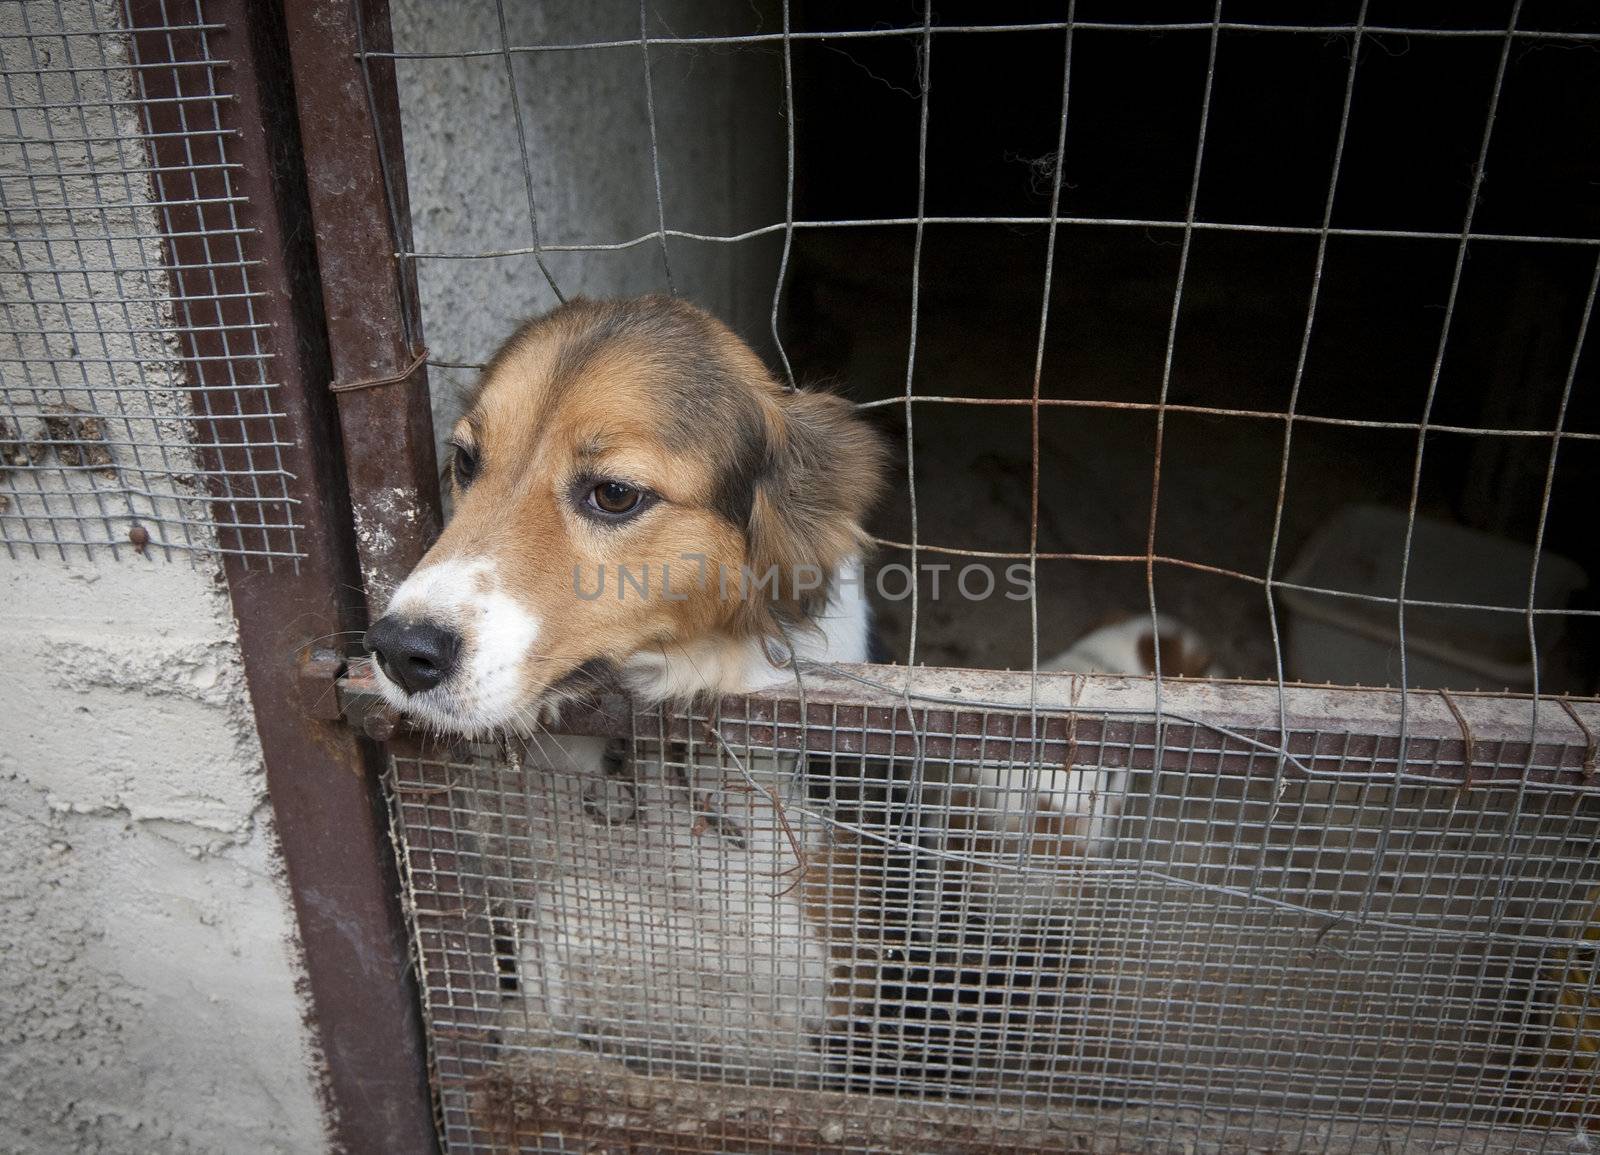 Cut dog behind bars by ABCDK
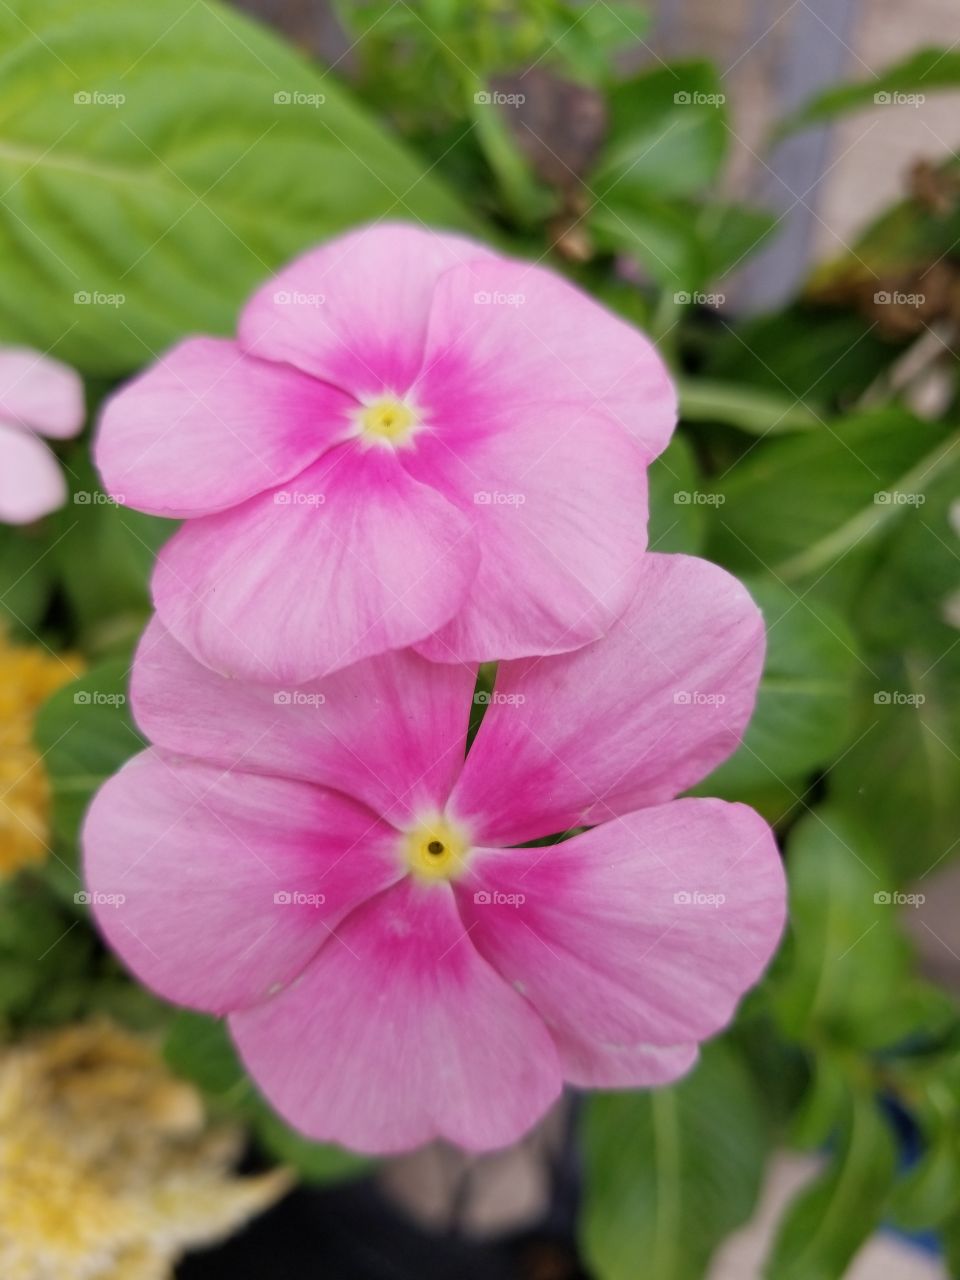 I sit atop the green leaves with a bright yellow and white center and a lavish dark pink circle with light pink protruding petals blooming in the summer sun.
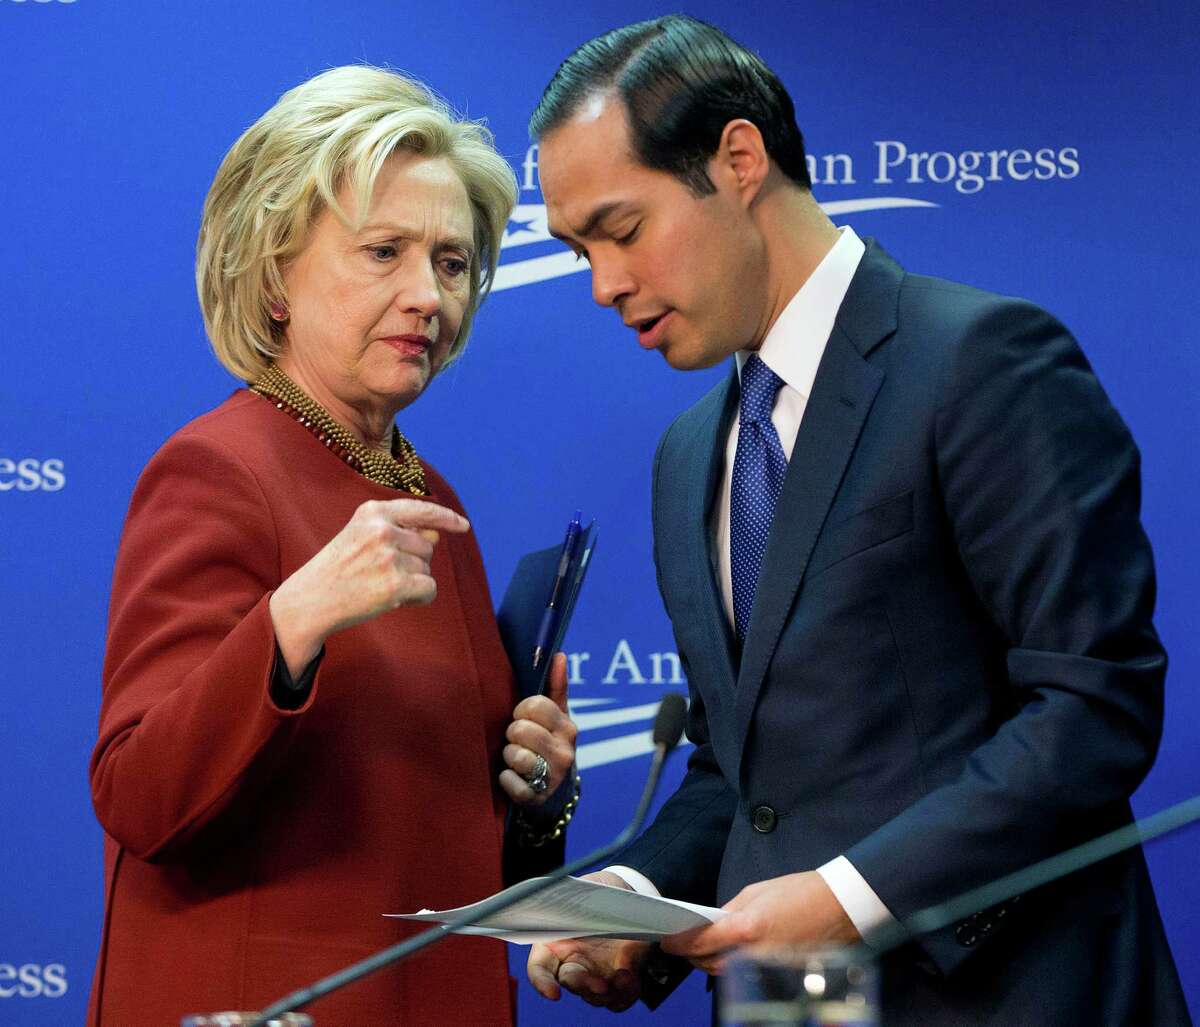 Former Secretary of State Hillary Rodham Clinton﻿ talks with Housing and Urban Development Secretary ﻿Julián Castro﻿ after both spoke at an event﻿ Monday.
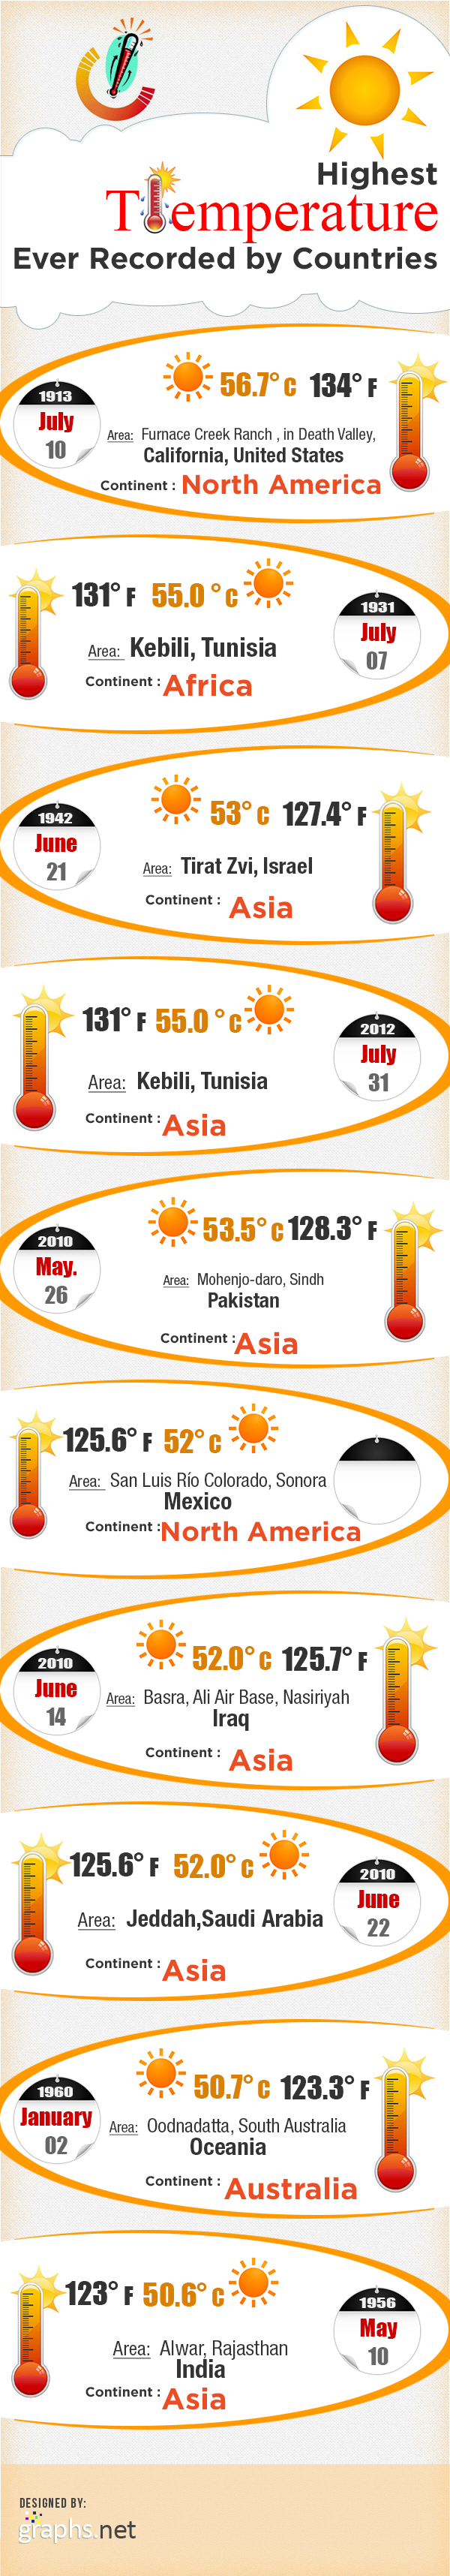 Highest-temperature-ever-recorded-by-country
#####
» **Instructions to follow**
Copy the preceding data in full and word for word, dropping its pictures.

» **Answer to the exercise**
 Cut dog behind bars by ABCDK
 I sit atop the green leaves with a bright yellow and white center and a lavish dark pink circle with light pink protruding petals blooming in the summer sun.
 Former Secretary of State Hillary Rodham Clinton﻿ talks with Housing and Urban Development Secretary ﻿Julián Castro﻿ after both spoke at an event﻿ Monday.
 Highest-temperature-ever-recorded-by-country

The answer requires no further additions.